手間のかかる水稲種子生産の除草を約4割省力化、除草機導入にかかる金額と現状の課題とは
最終更新日:2021年02月19日

水稲種子の生産では徹底した雑草防除が求められます。種苗法で雑草種子はもちろんのこと、同じイネでも変異株の種子の混入について厳しく規定されているからです。しかし、除草剤を使用しても残った雑草は人の手で取り除くしかなく、その労働負担は決して小さなものではありません。この除草作業が水稲種子生産の担い手不足の一因になっていることから、三重県農林水産部農産園芸課は水稲種子の生産性の向上を目指した実証試験に水田除草機やラジコン除草機を取り入れ、どの程度、省力化できるか調べています。

厳格な雑草防除が求められるが、むやみに除草剤を使えない

コメの生産では生産者自らが自家採種した種子が使われることもありますが、近年は質の高い種子を求めて、種子生産専門の生産者により採種圃場(ほじょう)で収穫された種子が利用されることが多くなっています。しかし、水稲種子に関しては、種苗法で種子の混入について厳しく規定されています。異種の雑草種子が0.2%を超えて混入してはならないとされているだけでなく、同じイネでも前年のこぼれモミから育った“漏生イネ”などの変異株の種子は一切混入してはならないとされ、厳格に雑草を防除することが求められます。

そのため除草剤が使われますが、適切な使用で異種雑草は枯らすことができても、変異株は同じイネであるため除草剤の使用だけでは防除できず、生産者が手作業で抜き取る必要があり、水稲種子は手間のかかる作物になっていました。少子高齢化の影響で全国的に農業者の減少が懸念される中、特に水稲種子の生産農家は急速に減少しています。こうした傾向は三重県でも見られており、種子生産における除草の省力化を目指して実証試験が進められています。実証試験を実施することになった背景について、三重県農林水産部農産園芸課の高橋勇歩(たかはし・ゆうほ)さんがこう説明してくれました。

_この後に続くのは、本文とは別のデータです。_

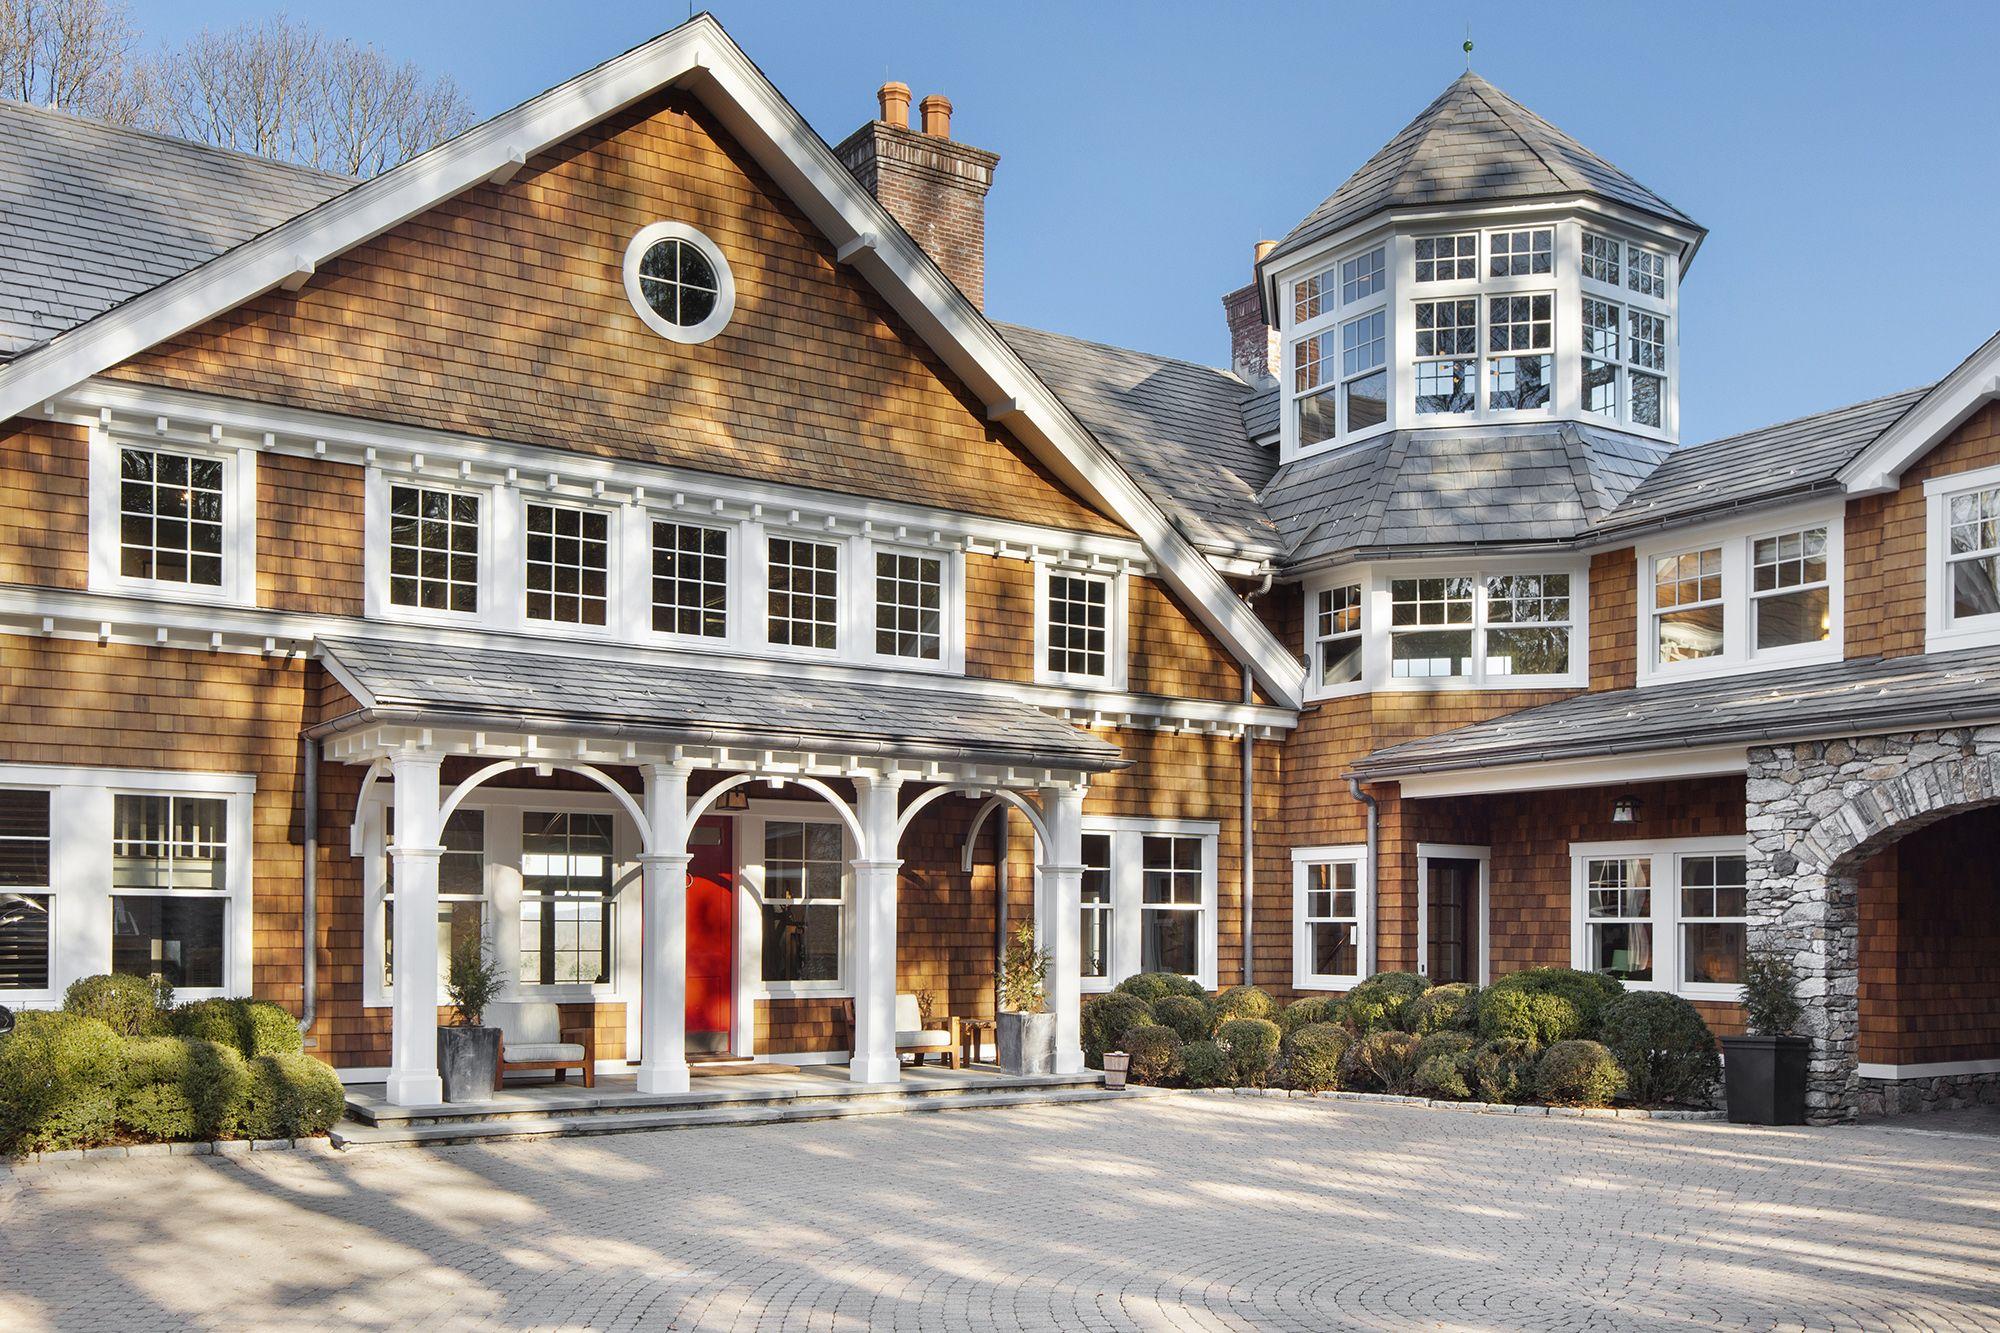 Casa de Bruce Willis en Bedford Corners

「現在、三重県の水稲種子の生産者は、過去10年間で4分の1程度まで減ってしまいました。しかも、70歳以上の高齢農家が6割を占めていて、県内の水稲生産を維持していくには種子生産の担い手を育成していかなければなりません。ただ、三重県における水稲種子の生産はもっぱら中山間地域で行われており、水田内の除草に加えて、畦畔(けいはん)や水田脇ののり面が広く、除草作業が大きな労働負担になっていて、新規就農者があらわれない一因になっていました」

直進キープ田植機

直進を維持する田植機を取り入れることで、蛇行することなくイネを植えられ、後々の水田除草機の作業もしやすくなります

手作業の除草に比べて3~4割の省力化を確認

農林水産省がICTや農業機械を取り入れた農業生産の推進を目的に「スマート農業実証プロジェクト」を立ち上げたことから、高橋さんらはこのプロジェクトに応募。2020年から水稲種子の生産性を向上させるとともに、除草機の導入による省力効果を調べる実証試験を実施。水田内の雑草防除にはオーレック社製の水田除草機「ウィードマン」を採用しました。この除草機は除草刃が回転して条間の雑草を刈り取るとともに、回転式のレーキ(熊手)によって株間の雑草も抜き取ることができるといいます。

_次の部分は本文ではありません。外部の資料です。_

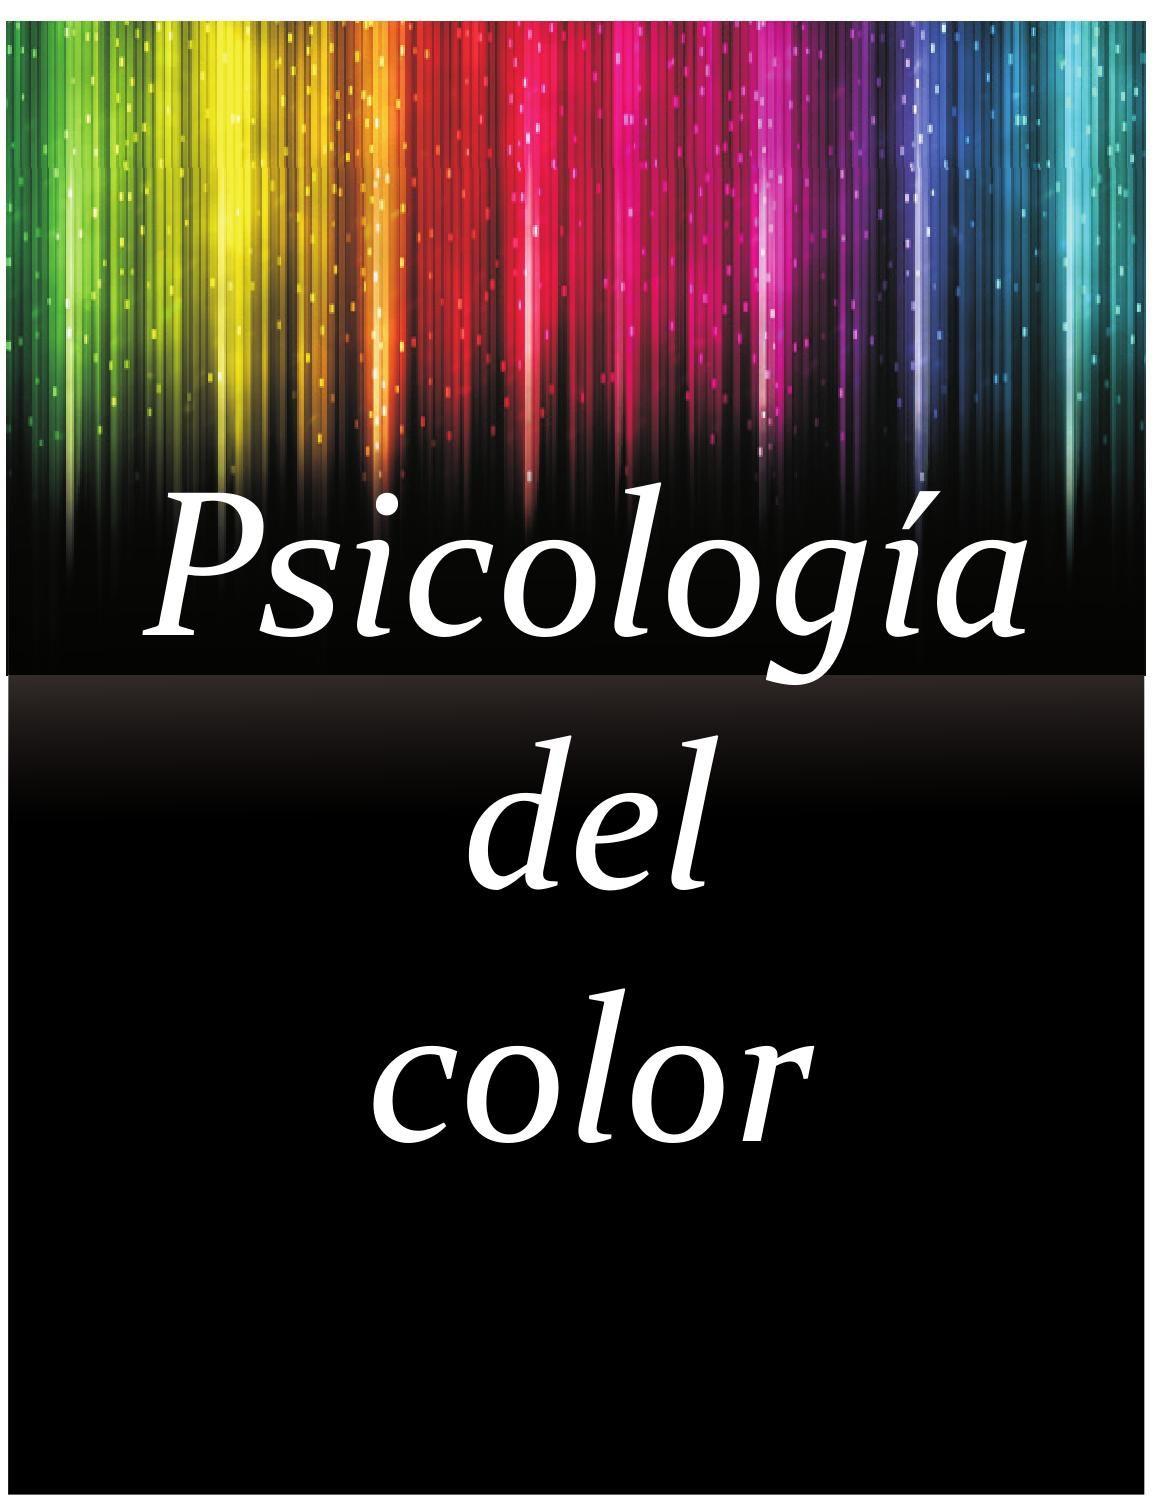 Psicologia del color | Psicología del color, El color y Color

ただし、肝心のイネが蛇行して定植されていると、条間の雑草を刈り取る除草刃でイネまで傷つける危険性があります。そのためこの実証試験では直進を維持できる田植機を採用することで、まっすぐに植えたイネを傷つけることなく、条間の雑草を確実に刈り取れるようにしました。それでも残ってしまった雑草は手作業で取り除きますが、大幅な省力化ができたと評価されています。水田除草機の省力効果について、実証試験に参加する三重県農業研究所伊賀農業研究室の中山幸則(なかやま・ゆきのり)さんはこう評価します。

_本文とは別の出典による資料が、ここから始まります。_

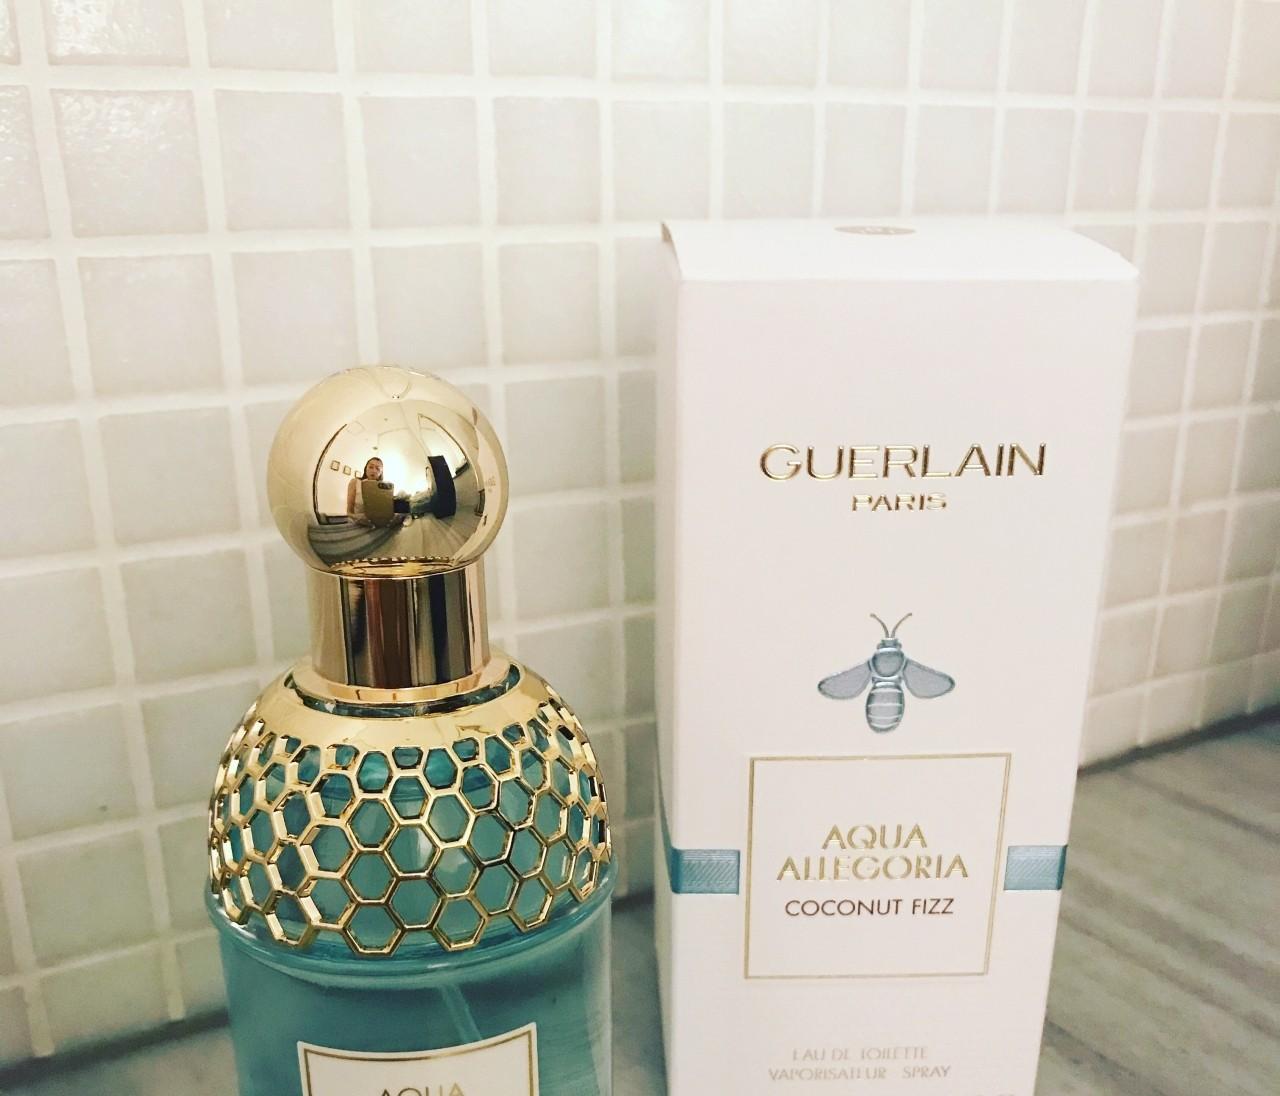 【GUERLAIN 新作フレグランス】香り診断でお勧めされた私の香り

「まだ1年目の作付けを終えただけですが、手作業だけで除草していたのに比べて、水田除草機と手作業の除草を合わせた場合は3~4割省力化できると評価しています。ただ、実証試験の準備の遅れから、最初に水田除草機を使ったのはメーカーが推奨する『田植えから20日後』より8日間も後でした。その間に漏生イネは深く根を張ったでしょうから、除草機では取り切れなかった可能性があり、推奨されたタイミングで除草機を使えば、もっと省力化できるかもしれません」

GPSガイダンス付き水田除草機

実証試験に取り入れられた水田除草機。前面に取り付けられた除草刃と回転式レーキで条間だけでなく、株間の雑草も取り除くことができます

導入費用はいくらなのか、現状の課題とは一体

また、畦畔や水田脇ののり面については、クボタ社製のラジコン草刈機「ARC-500」が試されました。この意図について高橋さんがこう説明してくれました。
「中山間地域ゆえに斜面が急なところも多く、草刈機を使った除草中の転倒事故の防止にも配慮しなければなりません。ただ、走破性の高いラジコン除草機は高額なため、なかなか導入するのは難しく、実証試験では比較的リーズナブルなクボタ社製のラジコン草刈機を実際に使ってみて、どのような環境なら使えるかを調べました」

現在市販されている除草機でも、急な斜面やぬかるみをものともせずに走破できるものがありますが、こうした除草機は高額でそうそう導入できるものではありません。その点でクボタ社の草刈機はリーズナブルな価格が魅力でした。しかし、実証試験で試したところ、雨上がりで地面が軟らかくなった畦畔やのり面での使用において、地面の凹凸で立ち往生したりすることがありました。今後、価格を据え置いたままの、不整地での走破性の向上が期待されます。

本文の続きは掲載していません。